Lucky lowers himself onto his haunches so he’s eye-level with him. “I know, kid. But your sister hasn’t eaten anything all day. I was hoping you could help me with that.”

Darius glances up at Kira, her face tear-stricken and hollow, and nods. He’ll do anything for his sister. Even if that means forcing himself to eat something just so she will. With one hand laced with Darius’s and the other arm wrapped around Kira, Lucky guides them toward the kitchen.

“I’m going to check on Nadya,” Sasha says, his expression just as empty as the rest of us.

“Let me do it,” I interrupt. “You and Kostya haven’t eaten either. Me and Stella will check on the baby.”

“Are you sure?” Sasha asks hesitantly.

“He’s sure,” Kostya answers for me. “Come on, asshole. Let’s get some food. It’s been a hell of a day.” He drags Sasha toward the kitchen before he can argue.

I turn to my woman to ask if she’d mind coming with me, but she answers before I even speak, looping her arm through mine. “Let’s go.”

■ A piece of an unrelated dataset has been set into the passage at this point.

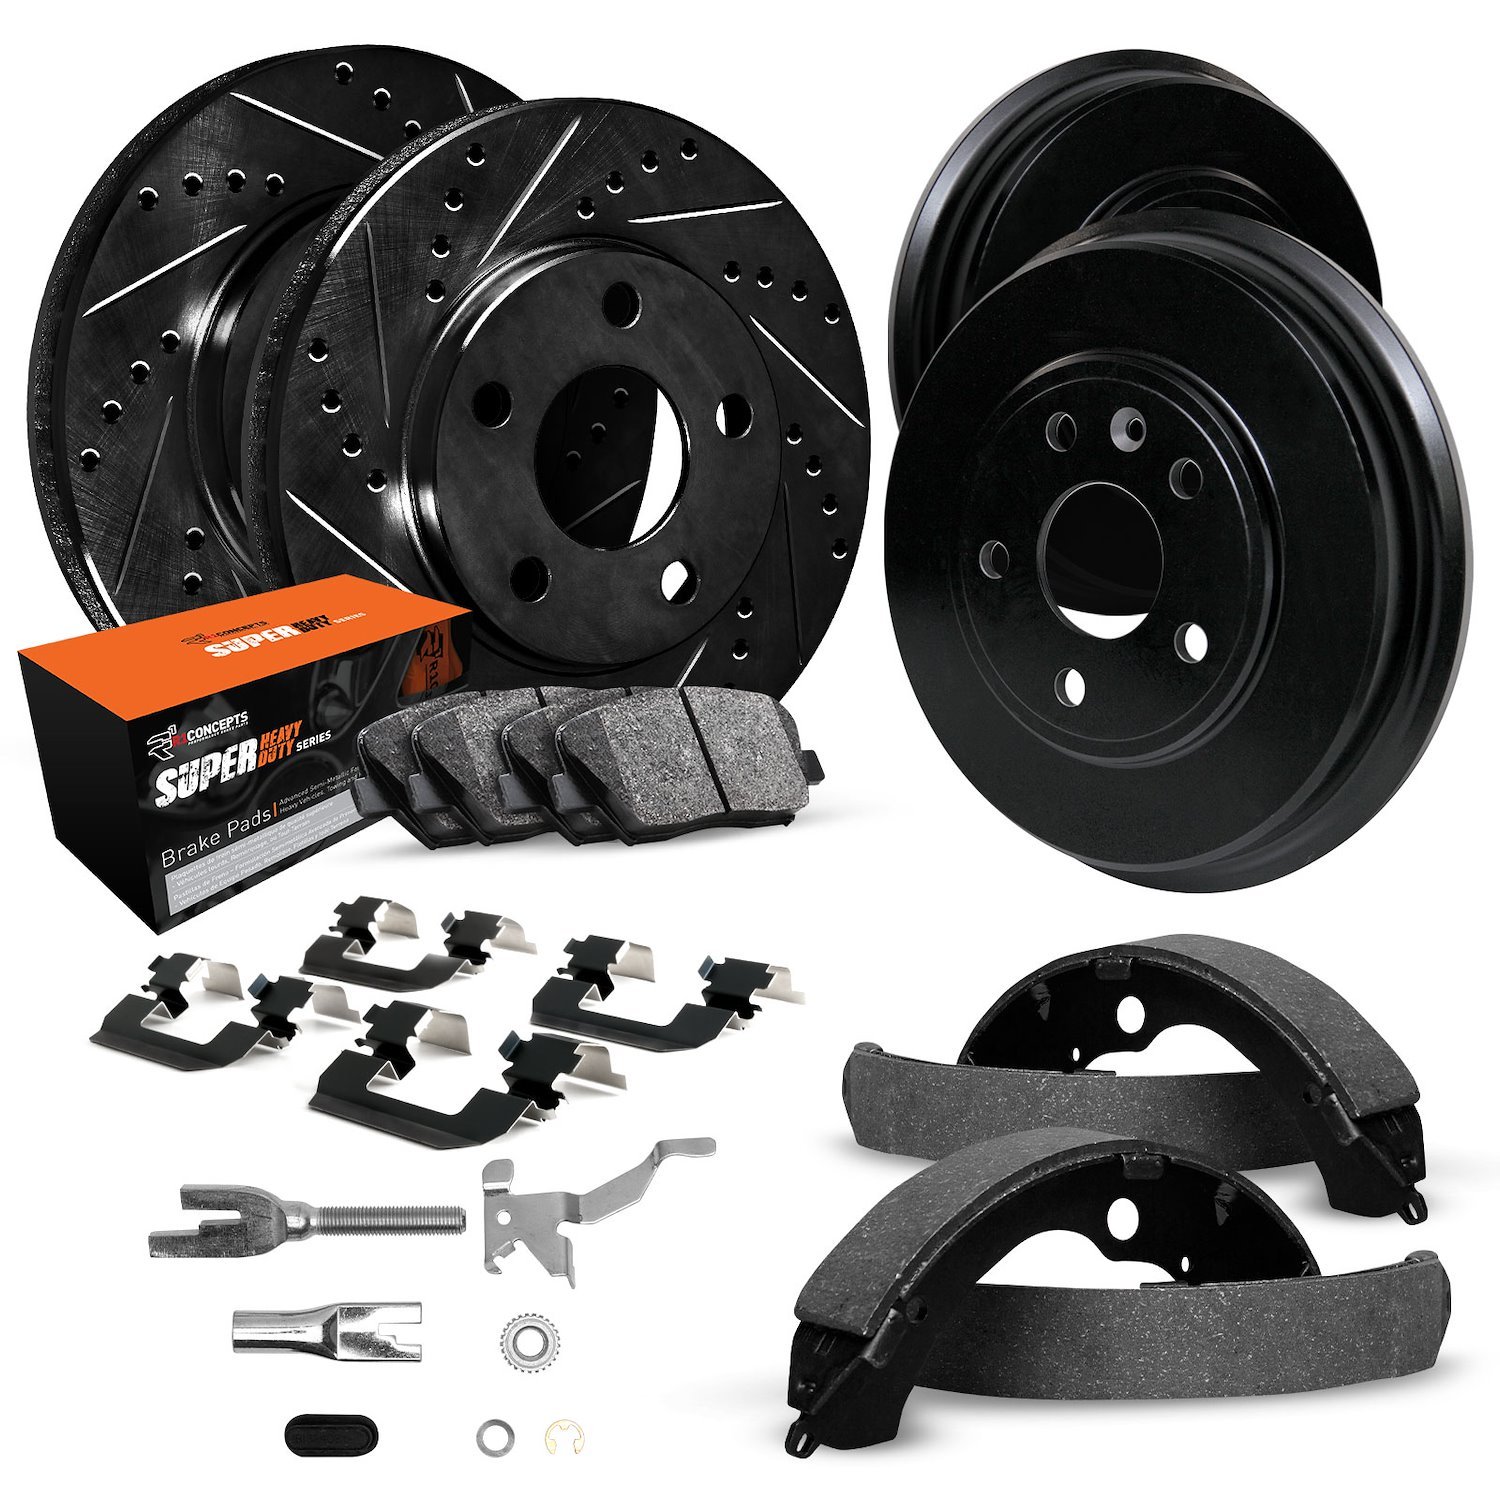 E-Line Drilled/Slotted Black Rotor & Drum Set w/Super-Duty Pads, Shoes, Hardware/Adjusters, 1995-2000 GM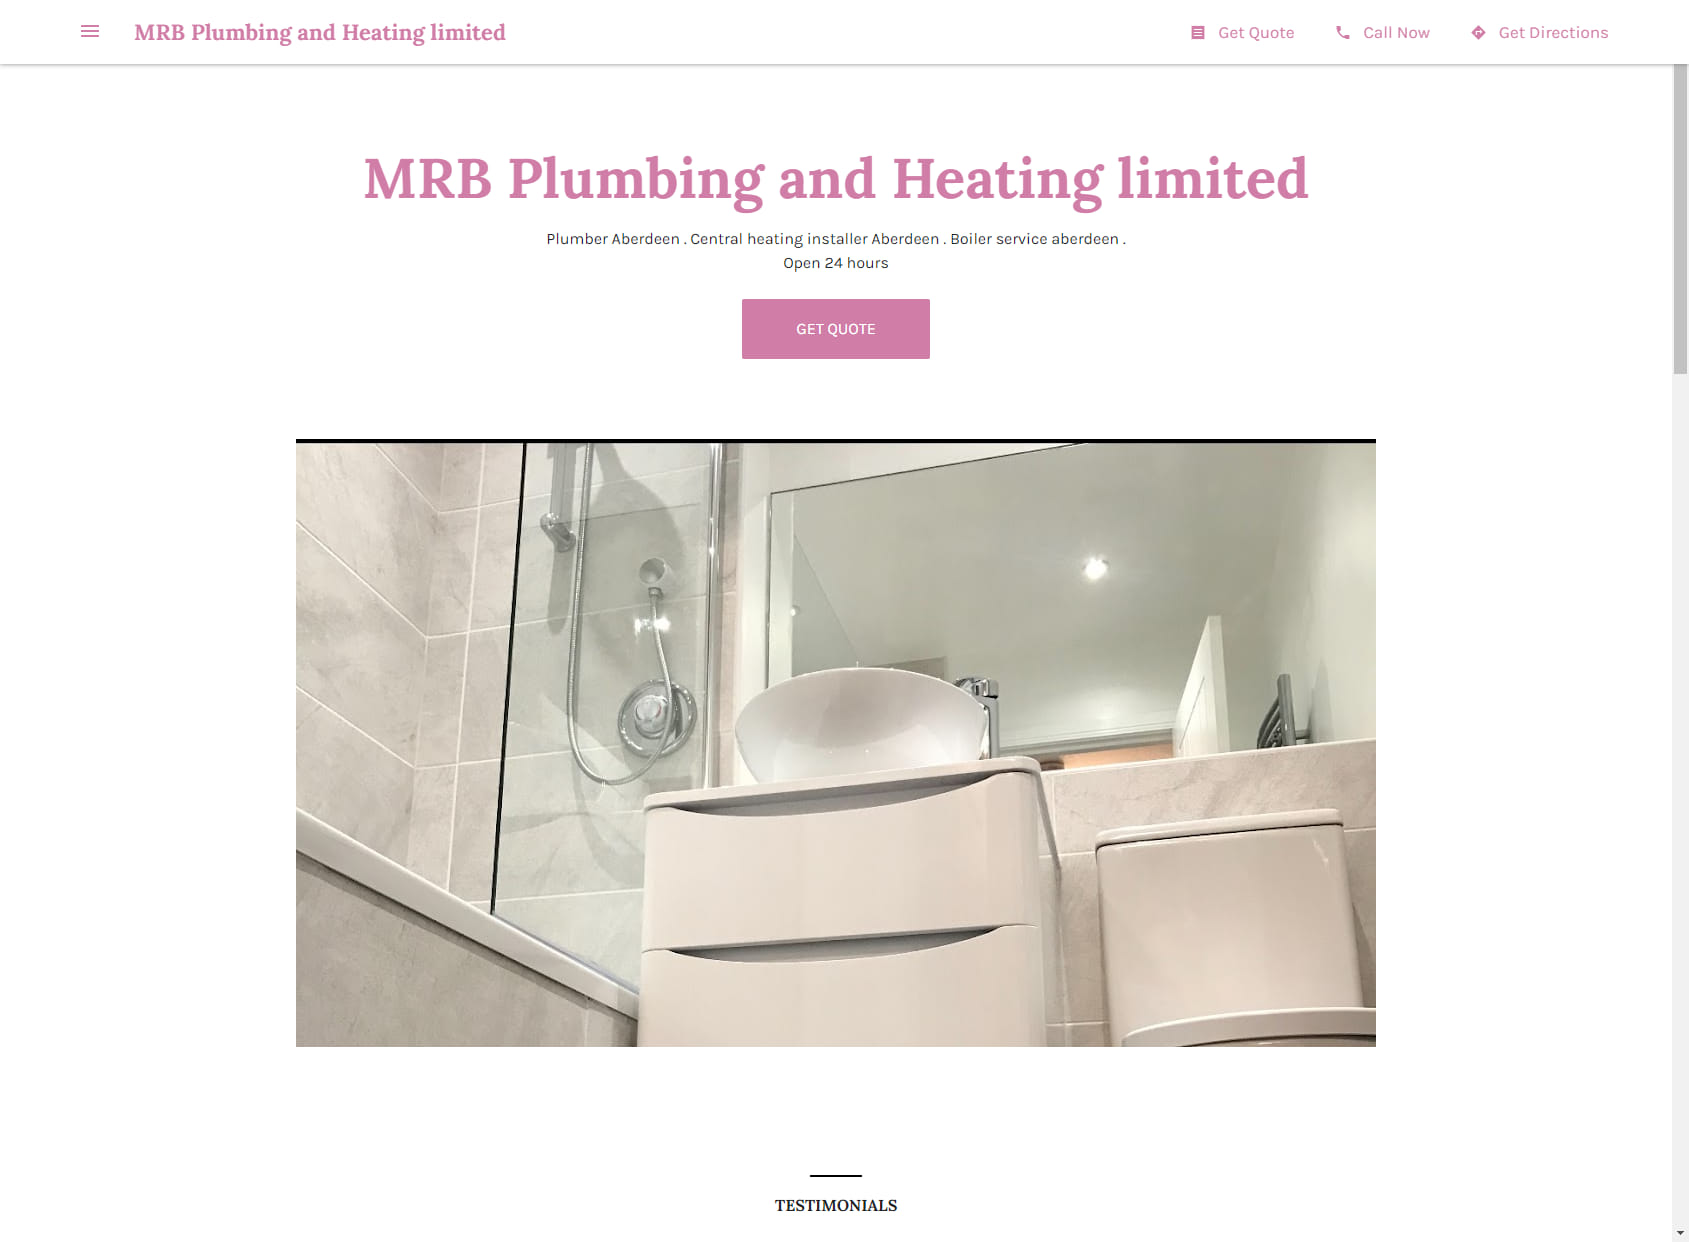 MRB Plumbing and Heating limited

I let out a relieved breath and lead her upstairs, toward the nursery my brothers and I helped Elena decorate over the summer. I ease the door open and find Nadya’s nanny in the rocking chair beside the crib, quietly reading as she rocks.

“How is she?” I ask in Russian. The nanny rises immediately to her feet.

“Perfect. She’s perfect,” she says with a soft smile.

I glance at Nadya, fast asleep, peaceful and unaware of the world that’s already broken around her.

“Yes,” I whisper. “She really is.”

I ask the nanny to give us a few minutes alone with my niece, and she quietly slips out. I stand over the crib, my heart in pieces, wondering what kind of life waits for my niece now.

This is so fucking unfair.

Nadya was supposed to have everything. A Bratva princess like her should have everything.

And now… what kind of life will she have without a mother…and, by the looks of it, without a father either?

“Fuck,” I curse, wiping fresh tears from my eyes.

Stella steps in close, sliding under my arm just to hold me. “It’s okay,” she says softly. “Nadya will be okay,” she repeats, as if perfectly in tune with all my worrisome thoughts.

“Will she?” I ask quietly, not nearly as convinced.